:: Goal of the exercise ::
From the line containing "Master Blend Fence" down to the line containing "Iris Love and", copy out the entries below exactly, both lines included, and nothing else; pictures do not belong in the copy.

Stored data: Begin

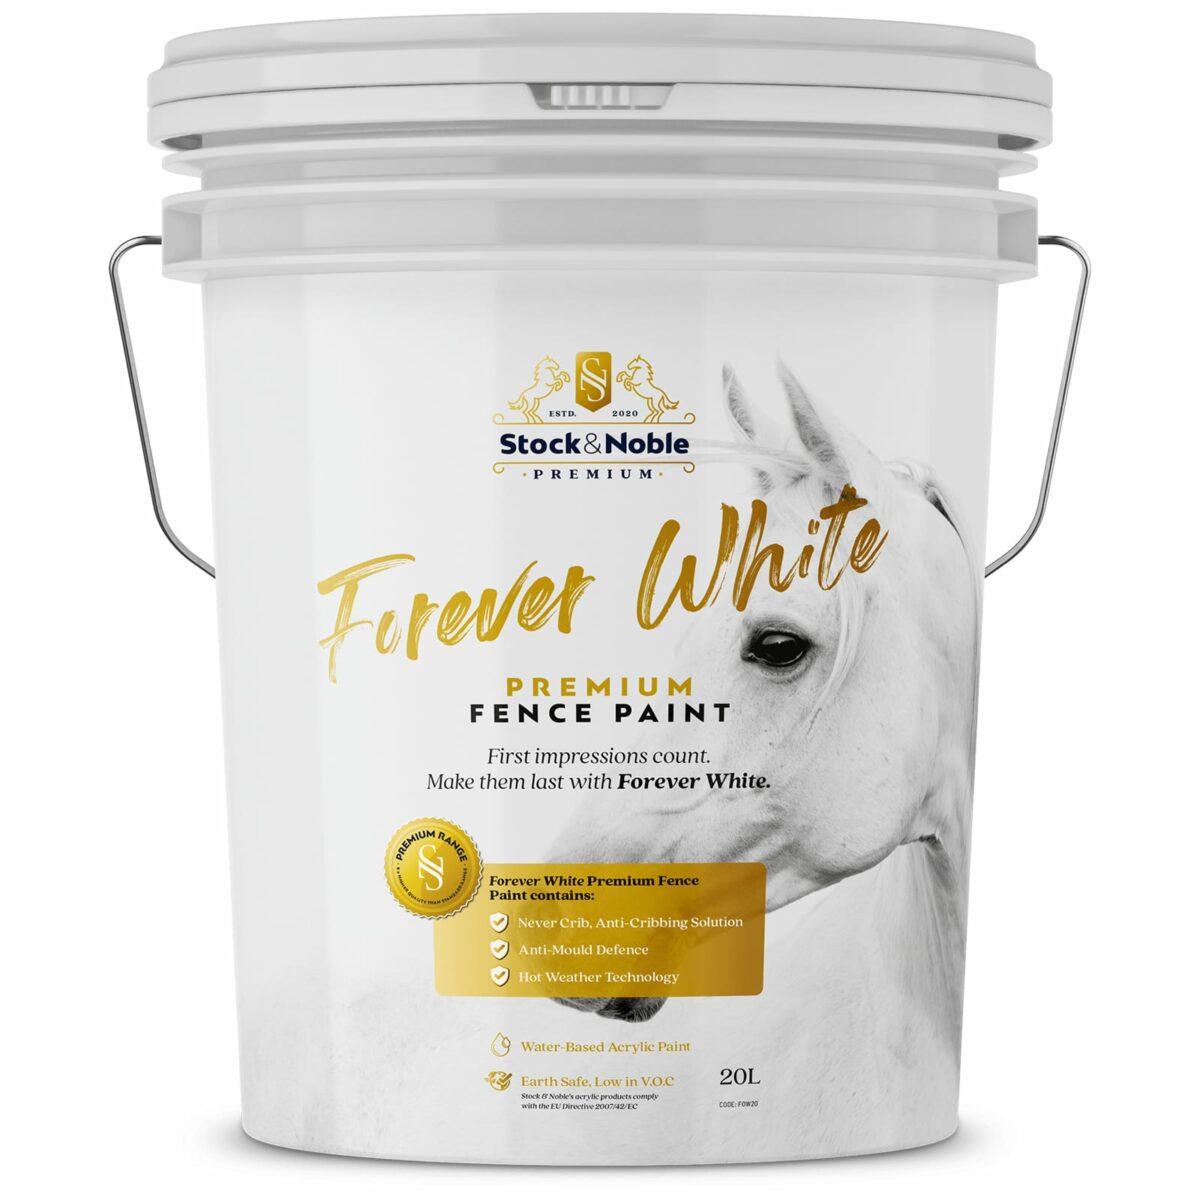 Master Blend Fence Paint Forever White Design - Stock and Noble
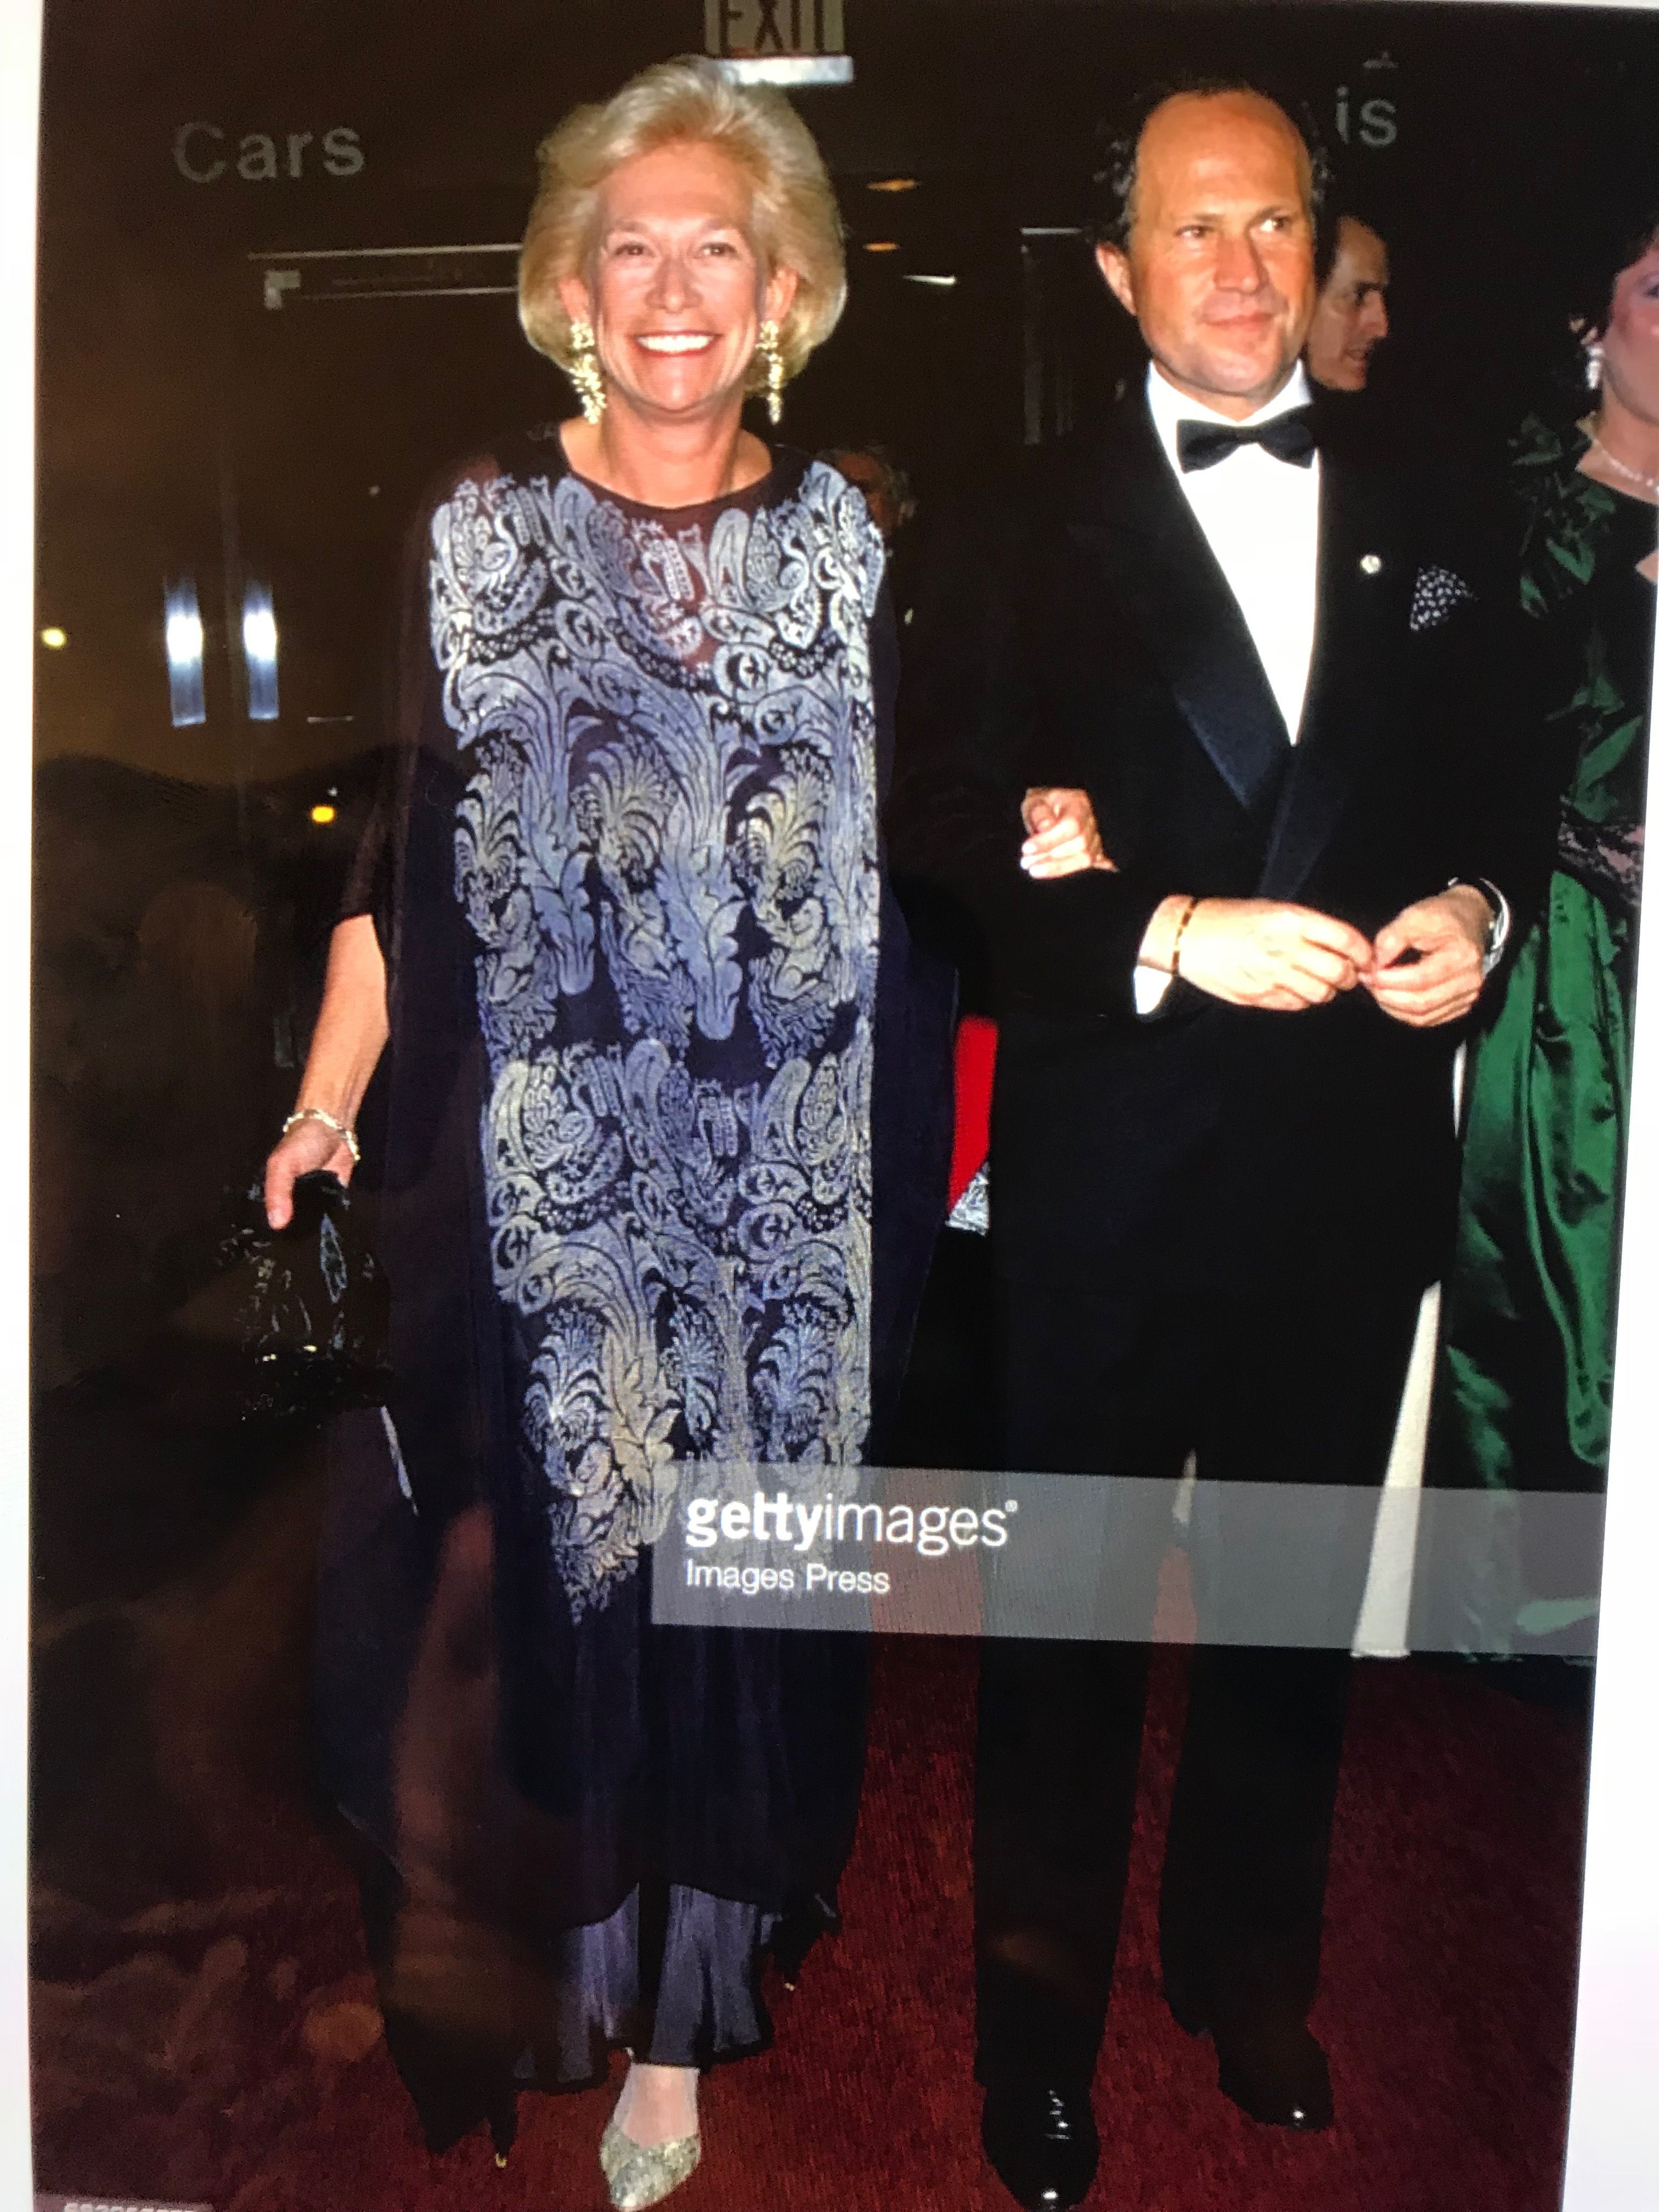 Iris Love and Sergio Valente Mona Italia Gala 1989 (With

Stored data: End
Stored data: Begin

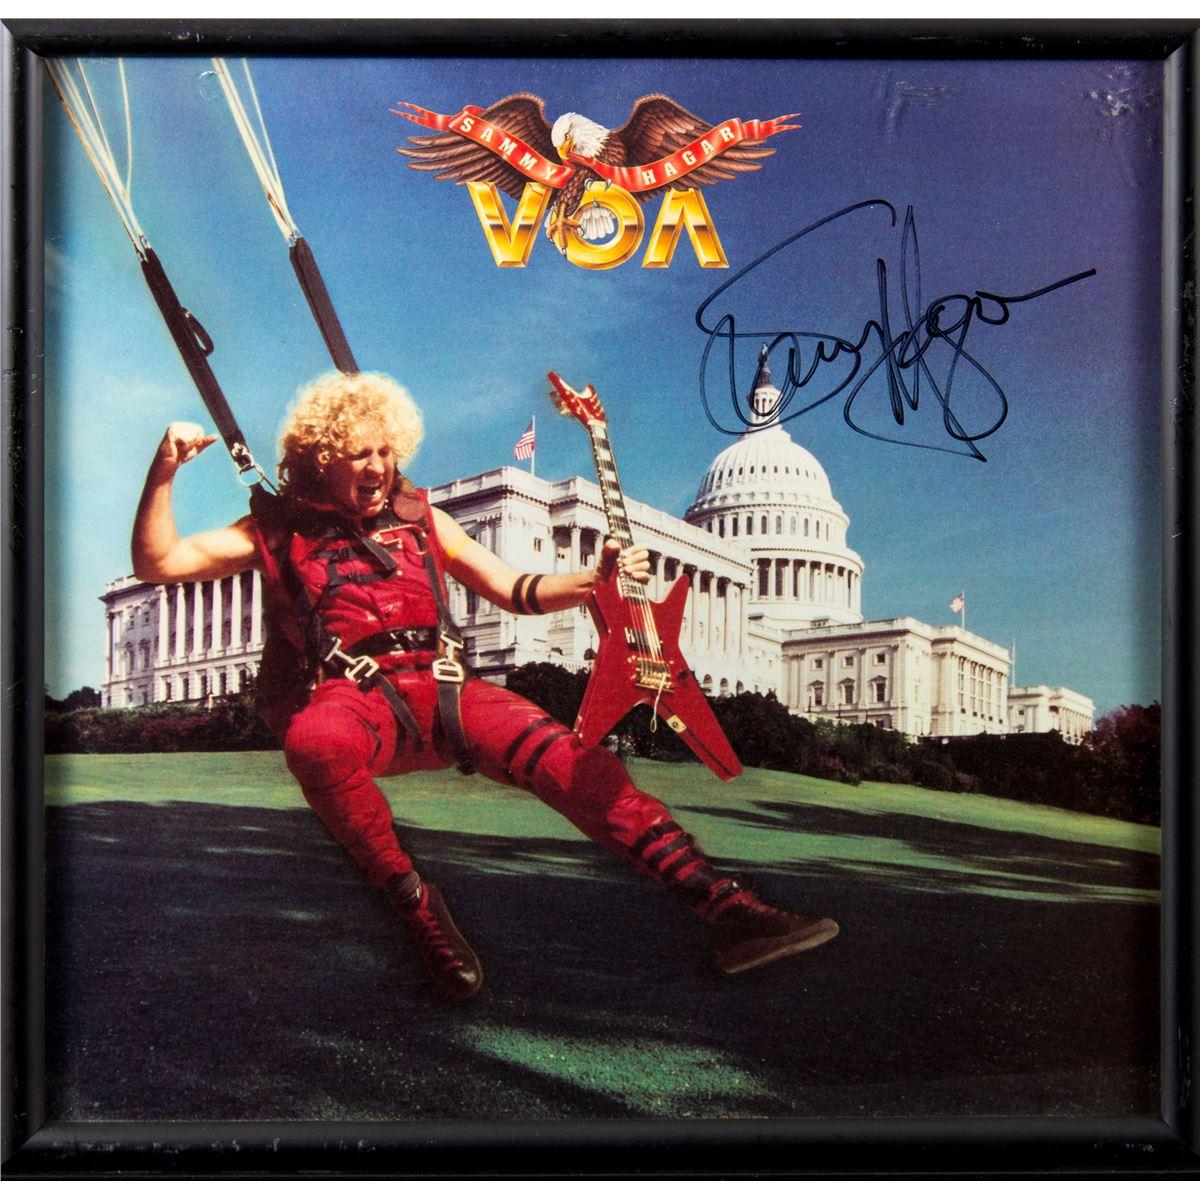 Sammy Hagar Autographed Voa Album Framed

Stored data: End

:: Solution to this exercise ::
 Master Blend Fence Paint Forever White Design - Stock and Noble
 Iris Love and Sergio Valente Mona Italia Gala 1989 (With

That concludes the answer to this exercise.